15. The enterprise computing platform of claim 14, wherein querying the internal data management system to determine the first previous interactions between the enterprise organization and the user comprises:

providing a query to the internal data management system, wherein the query indicates the user information associated with the user; and

in response to providing the query, receiving, from the internal data management system, data management system information indicating the first previous interactions between the enterprise organization and the user.

16. The enterprise computing platform of claim 14, wherein querying the external data management system to determine the second previous interactions between the third party and the user comprises:

providing a query to the external data management system, wherein the query indicates the user information associated with the user; and

in response to providing the query, receiving, from the external data management system, data management system information indicating the second previous interactions between the third party and the user.
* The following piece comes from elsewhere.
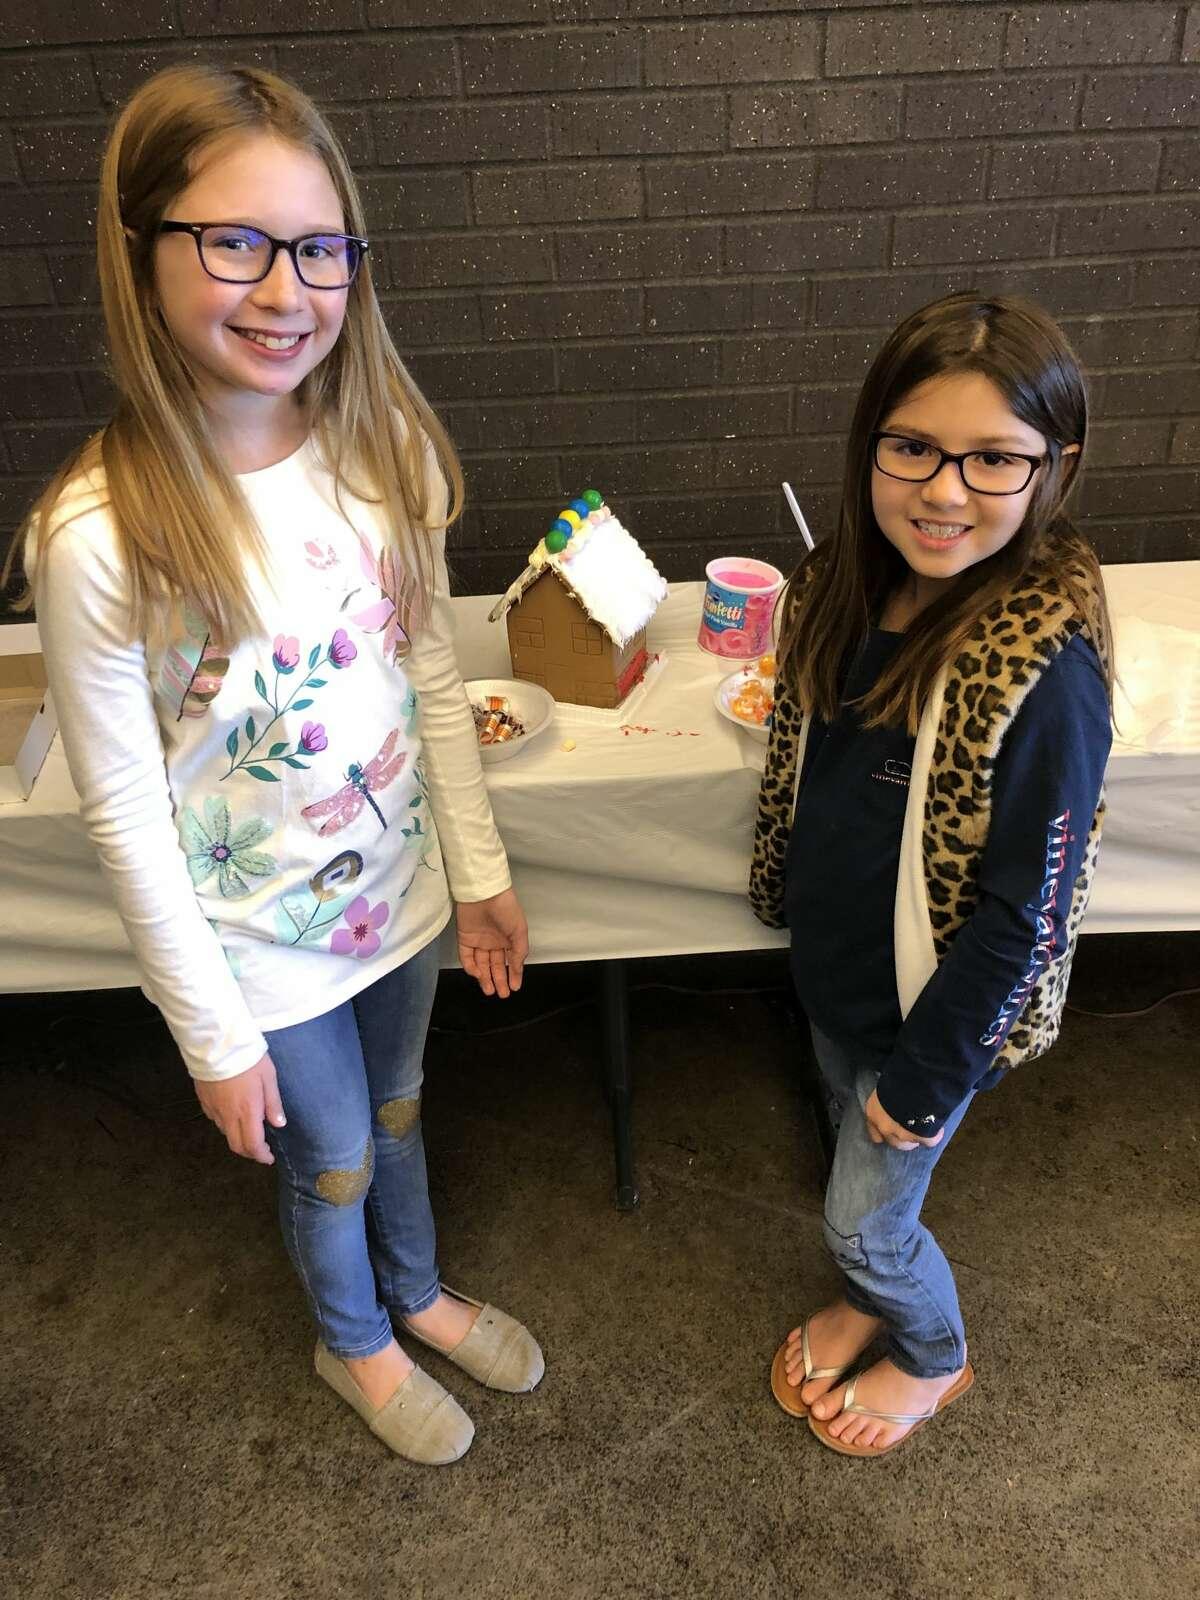 Gingerbread houses: Iva Garza, left, and Cora Garza

17. The enterprise computing platform of claim 14, wherein determining the one or more calculated risk metrics comprises:

aggregating the first previous interactions and the second previous interactions to determine aggregated interactions of the user; and

comparing the aggregated interactions of the user with the one or more thresholds to determine a risk profile for the user, wherein generating the dynamic identity data request is based on the determined risk profile.

18. The enterprise computing platform of claim 17, wherein aggregating the first previous interactions and the second previous interactions comprises:

applying one or more weights to the first previous interactions and the second previous interactions; and

determining the aggregated interactions of the user based on applying the one or more weights.
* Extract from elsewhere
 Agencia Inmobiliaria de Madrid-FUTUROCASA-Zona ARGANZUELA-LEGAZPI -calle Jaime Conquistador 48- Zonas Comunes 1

19. The enterprise computing platform of claim 18, wherein the first previous interactions are associated with a prescription pick-up interaction and the second previous interactions are associated with a financial interaction, and wherein applying the one or more weights comprises applying a first weight to the first previous interactions and a second weight to the second previous interactions, wherein the first weight and the second weight are different.

20. A non-transitory computer-readable medium having processor-executable instructions stored thereon, wherein the processor-executable instructions, when executed, facilitate:

receiving, from a user device, user information comprising one or more identifiers associated with a user, wherein the one or more identifiers indicates a phone number associated with the user device;

based on the user information, querying an internal data management system to determine first previous interactions between an enterprise organization and the user;

based on the user information, querying an external data management system to determine second previous interactions between a third party and the user;

determining one or more calculated risk metrics associated with the user based on comparing the first previous interactions and the second previous interactions with one or more thresholds;

generating a dynamic identity data request for the user based on the one or more calculated risk metrics;

in response to providing the dynamic identity data request to the user device, receiving, from the user device, dynamic identity data for the user;

based on the dynamic identity data, creating a data structure for a new digital account for the user;

populating a plurality of entries for the user within the created data structure based on the user information and the one or more calculated risk metrics, wherein a first entry, of the plurality of entries, indicates a level for the user that is based on the one or more calculated risk metrics; and

authorizing the user access to one or more services based on the level for the user that is within the created data structure.